MPICH Buglist for version 1.2.7p1
This file contains a list of known bugs for the MPICH implementation of MPI.
Patches for some of these exist are indicated by a link to patchfile.
The numbers refer to the bug report number assigned by our bug tracking system.
If you wish to submit a new bug report on MPICH, send mail to
mpi-bugs@mcs.anl.gov .
A non HTML Table
version of this file is available.
To use these patch files, download the file, place it in your mpich directory, and execute
patch -p0 < patchfile
It is important to download the patch, not cut and paste it from the display
of your web browser. On many browsers, right-clicking will the link will
download the file. The reason for this is that some patches may contain tabs,
and most browsers will not preserve the tabs when they display the
file; copying and pasting that text will cause the patch to fail because the
tabs won't be found.
If you have trouble with patch, you can look at the patchfile itself;
it is just the output of the Unix diff program applied to the old and
new versions of the file or files.
| Bug Number | Device |
Description | Patchfile |
|---|
Fortran Compilers
Some users have had difficulty when mixing C and Fortran compiler vendors.
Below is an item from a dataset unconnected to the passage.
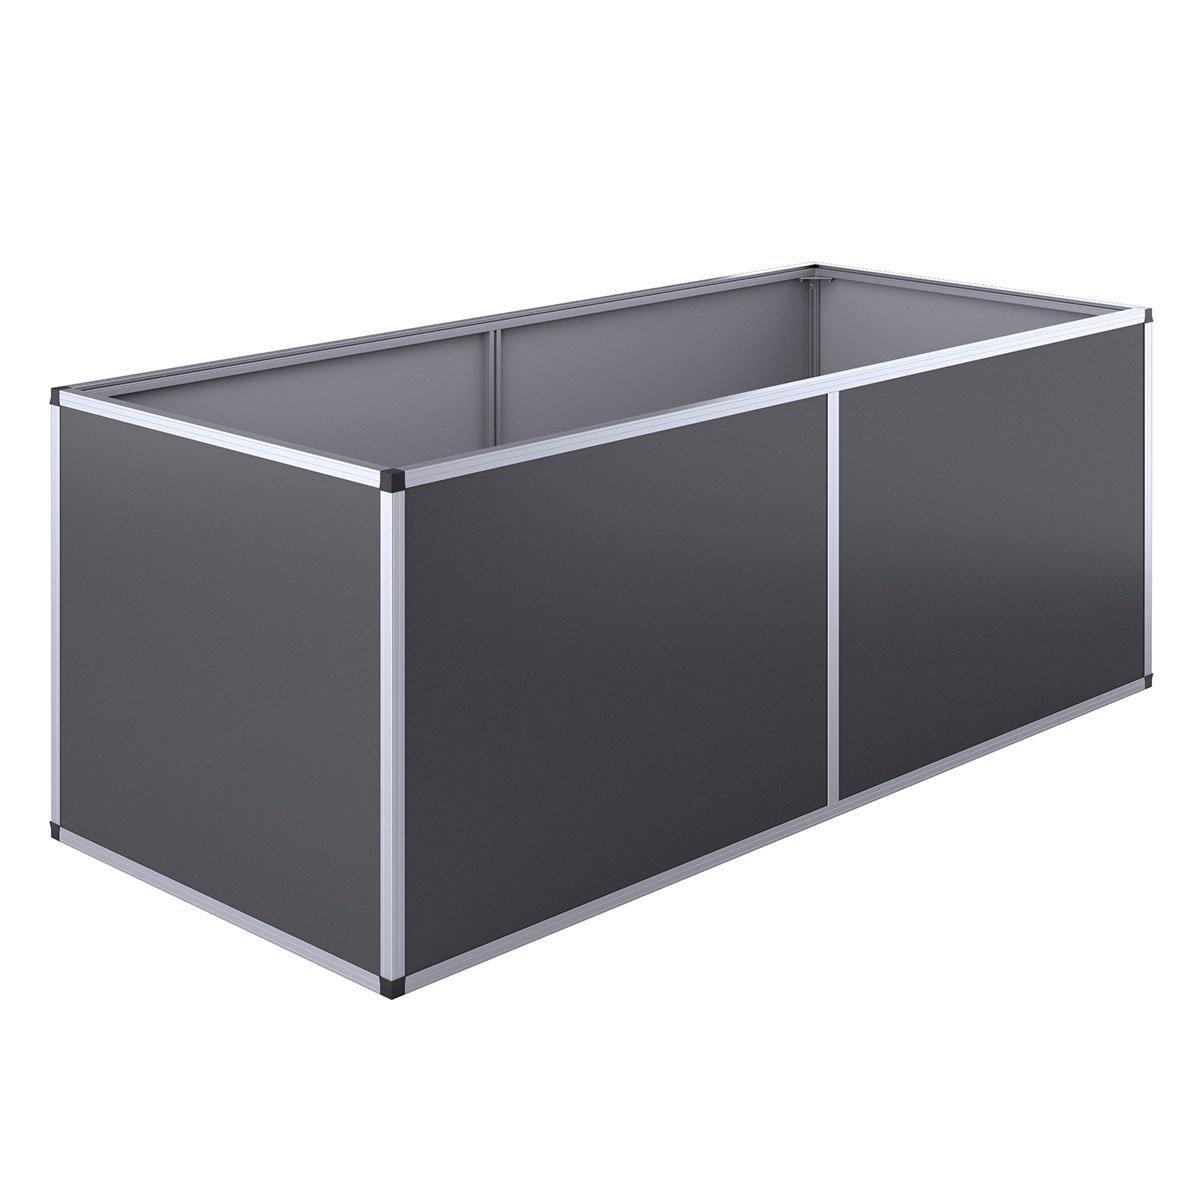 Aluminium-Hochbeet 210, anthrazit /silber, 205x91x77 cm   #2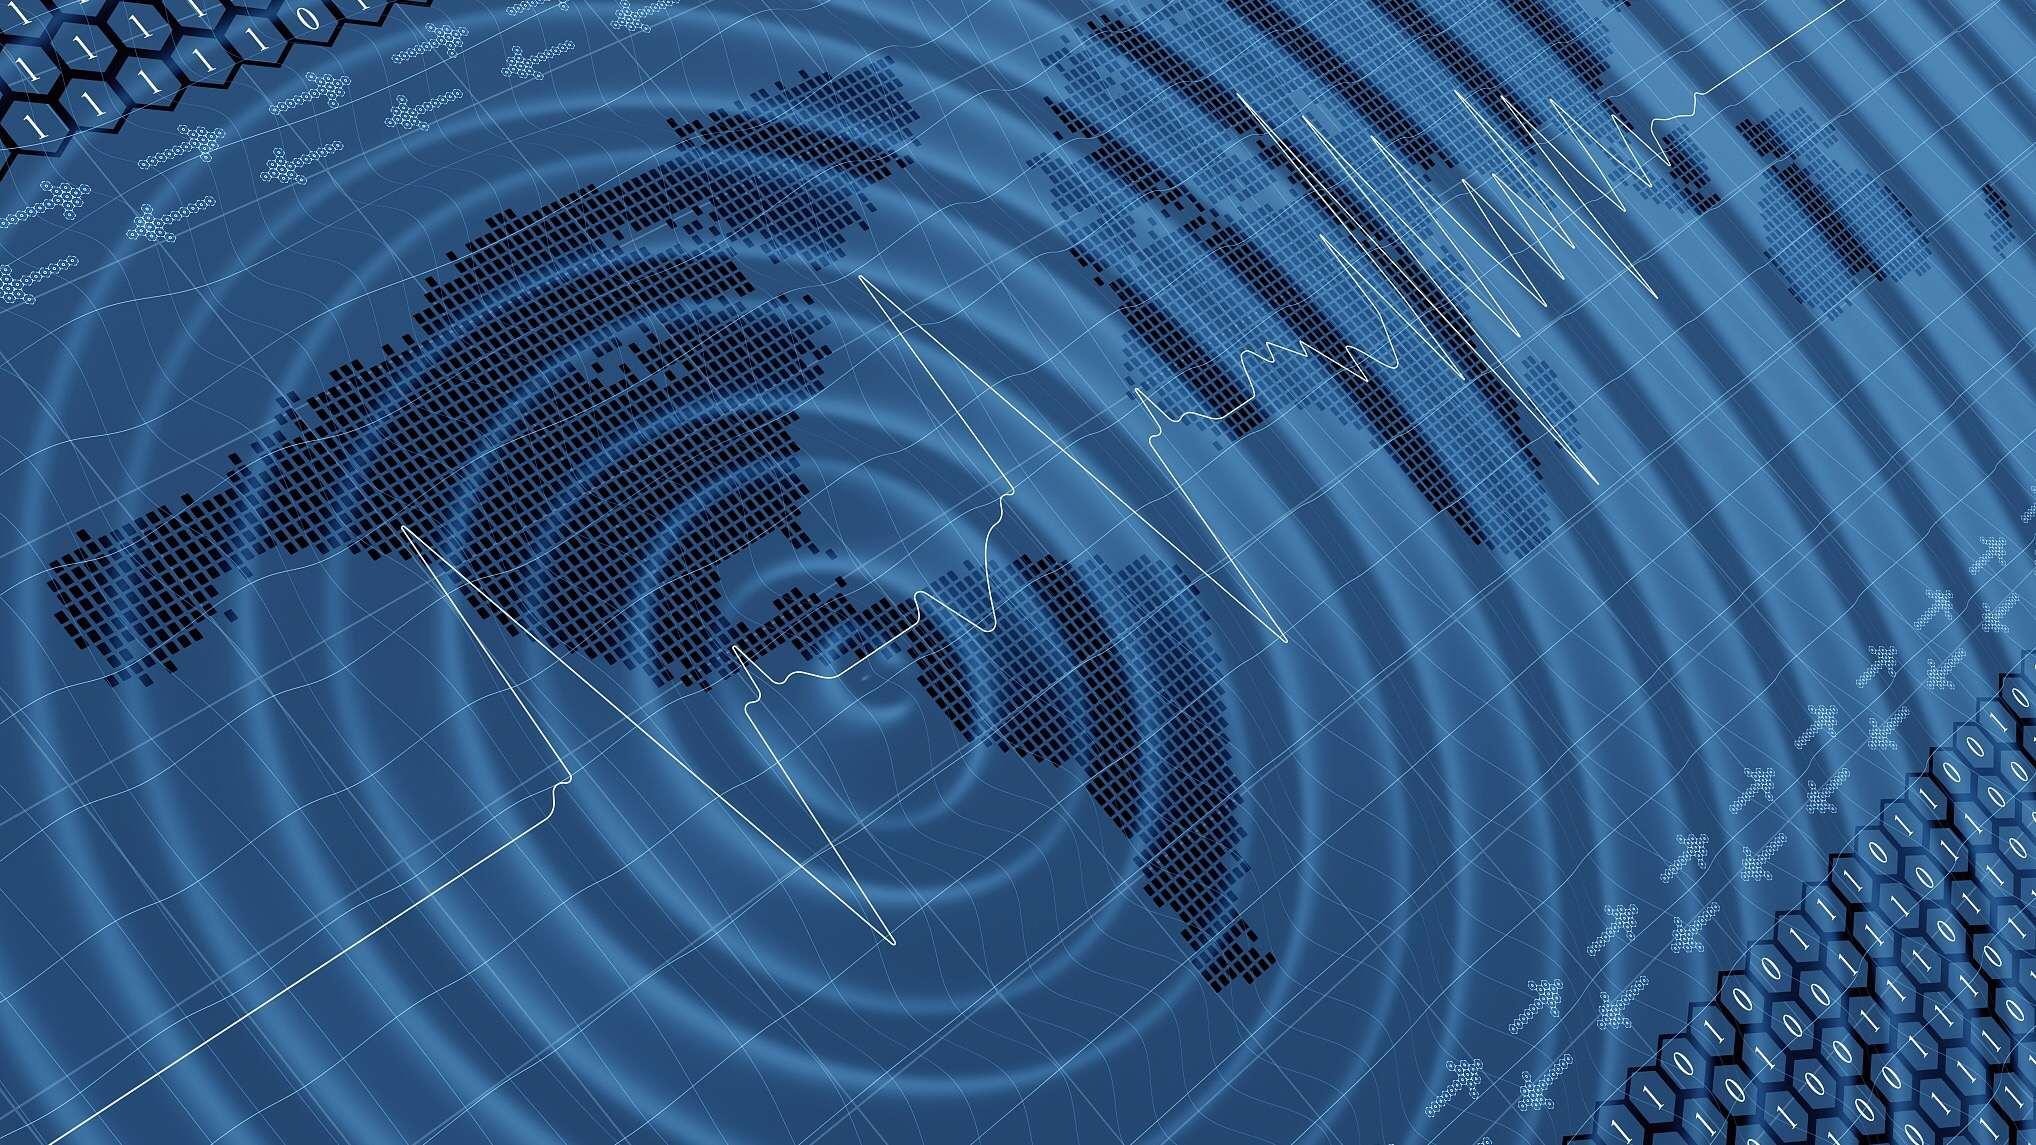 6.0-magnitude quake hits 14km SE of Guanica, Puerto Rico -- USGS

For example, when using GNU gcc and the Portland Group pgf77, C programs would
fail to link. This is because some of the code used to provide definitions
of some Fortran types is computed at MPI_Init time in MPICH 1.2.7 by using a
small Fortran routine, and in some cases, these routines refer to symbols
that are defined only in the Fortran run time libraries. To fix this, you
need to add the Fortran libraries when building C programs. You can do this
with the -lib switch in configure:
configure -cc=gcc -fc=pgf77 -lib="-L/usr/local/pgi/linux86/lib -lpgftnrtl -lpgc" ...
The next release of MPICH will attempt to avoid the need for these libraries
when possible and will determine them for you otherwise.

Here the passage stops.